Derrière le mur, on entendit le cheval s'ébrouer et frapper du sabot. Daru regardait par la fenêtre. Le temps se levait décidément, la lumière s'élargissait sur le plateau neigeux. Quand toute la neige serait fondue, le soleil régnerait de nouveau et brûlerait une fois de plus les champs de pierre. Pendant des jours, encore, le ciel inaltérable déverserait sa lumière sèche sur l'étendue solitaire où rien ne rappelait l'homme.
- Enfin, dit-il en se retournant vers Balducci, qu'est-ce qu'il a fait ? »
Et il demanda, avant que le gendarme ait ouvert la bouche :
- Il parle français ?
- Non, pas un mot. On le recherchait depuis un mois, mais ils le cachaient. Il a tué son cousin.
- Il est contre nous ?
- Je ne crois pas. Mais on ne peut jamais savoir.
- Pourquoi a-t-il tué ?
- Des affaires de famille, je crois. L'un devait du grain à l'autre, paraît-il. Ça n'est pas clair. Enfin, bref, il a tué le cousin d'un coup de serpe. Tu sais, comme au mouton, zic !... »
Balducci fit le geste de passer une lame sur sa gorge et l'Arabe, son attention attirée, le regardait avec une sorte d'inquiétude. Une colère subite vint à Daru contre cet homme, contre tous les hommes et leur sale méchanceté, leurs haines inlassables, leur folie du sang.
Mais la bouilloire chantait sur le poêle. Il resservit du thé à Balducci, hésita, puis servit à nouveau l'Arabe qui, une seconde fois, but avec avidité. Ses bras soulevés entrebâillaient maintenant la djellaba et l'instituteur aperçut sa poitrine maigre et musclée.
- Merci, petit, dit Balducci. Et maintenant, je file. »
Il se leva et se dirigea vers l'Arabe, en tirant une cordelette de sa poche.
- Qu'est-ce que tu fais ? » demanda sèchement Daru.
Balducci, interdit, lui montra la corde.
- Ce n'est pas la peine. »
Le vieux gendarme hésita :
[110] - Comme tu voudras. Naturellement, tu es armé ?
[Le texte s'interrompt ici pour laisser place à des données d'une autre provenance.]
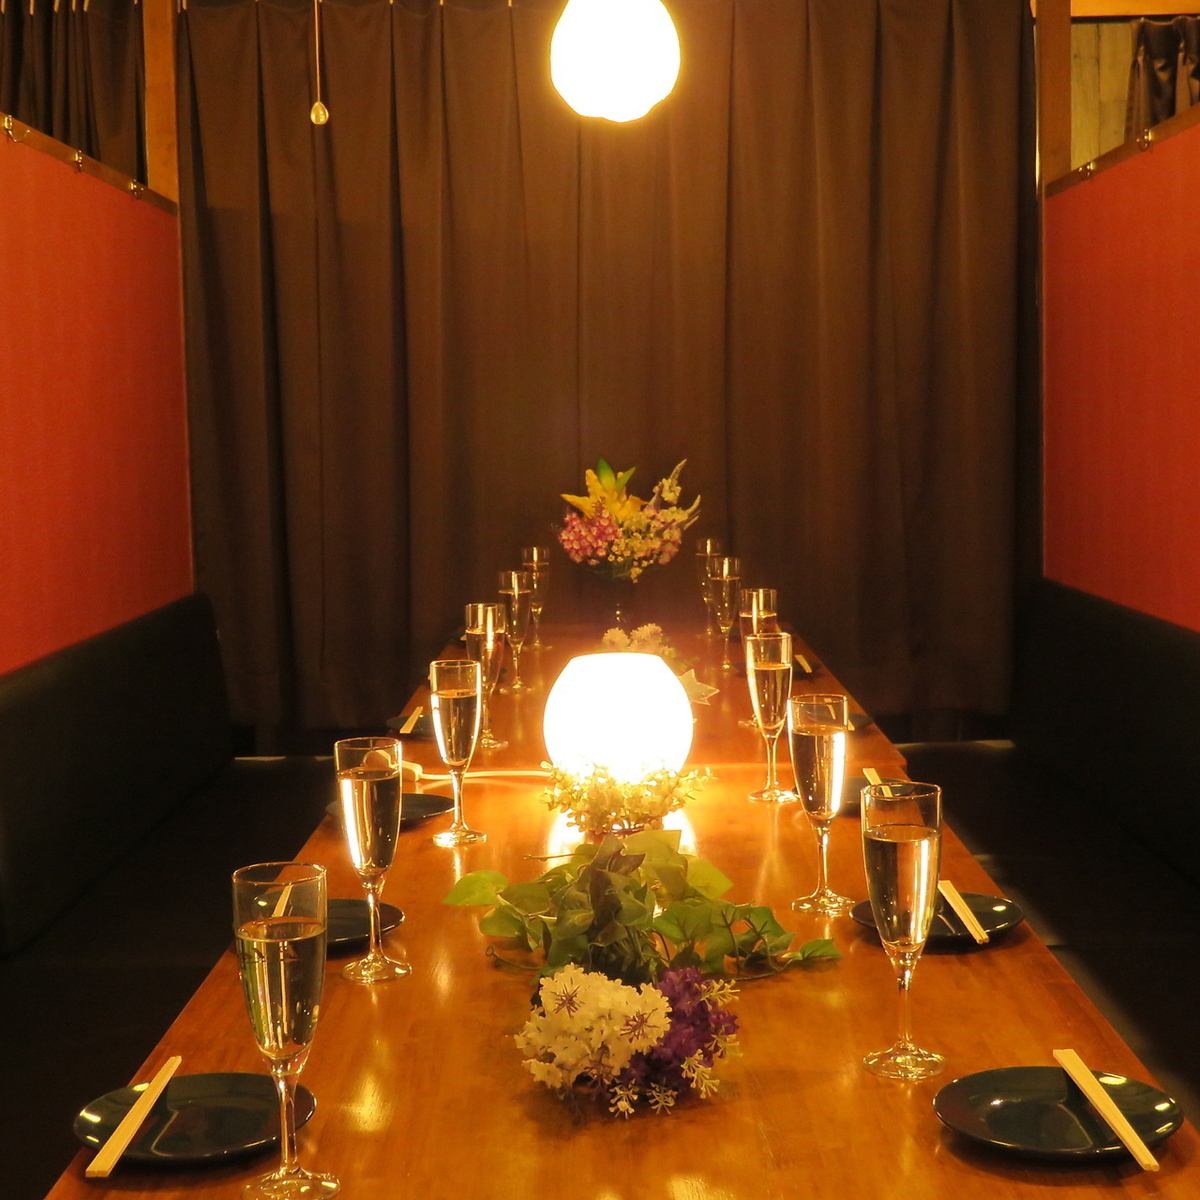 Many private rooms ☆ 4 people ~ maximum 60 people can be reserved!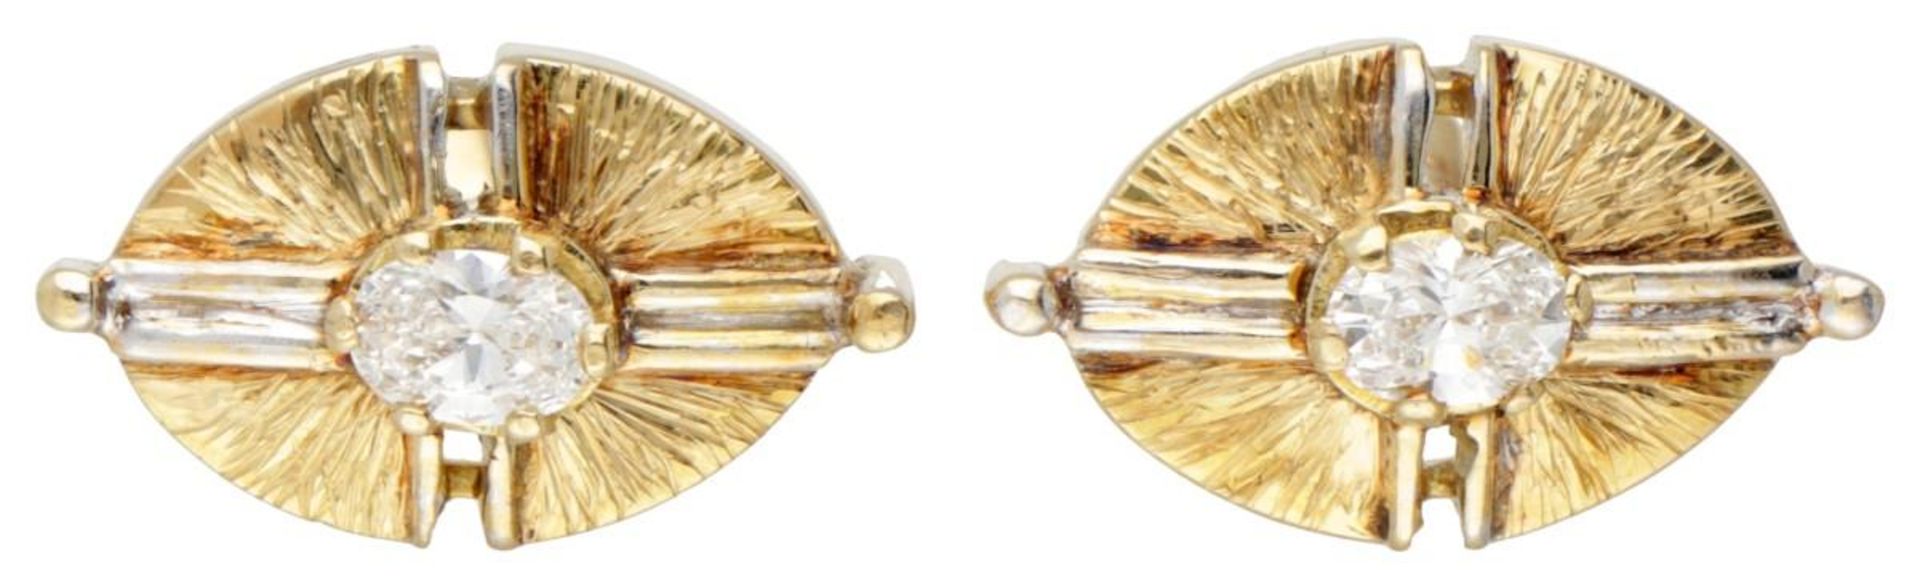 14K. Bicolor gold cufflinks set with approx. 0.65 ct. diamond. - Image 3 of 6

- J'ai mon fusil de chasse.
- Où ?
- Dans la malle.
- Tu devrais l'avoir près de ton lit.
- Pourquoi ? Je n'ai rien à craindre.
- Tu es sonné, fils. S'ils se soulèvent, personne n'est à l'abri, nous sommes tous dans le même sac.
- Je me défendrai. J'ai le temps de les voir arriver.
Balducci se mit à rire, puis la moustache vint soudain recouvrir les dents encore blanches.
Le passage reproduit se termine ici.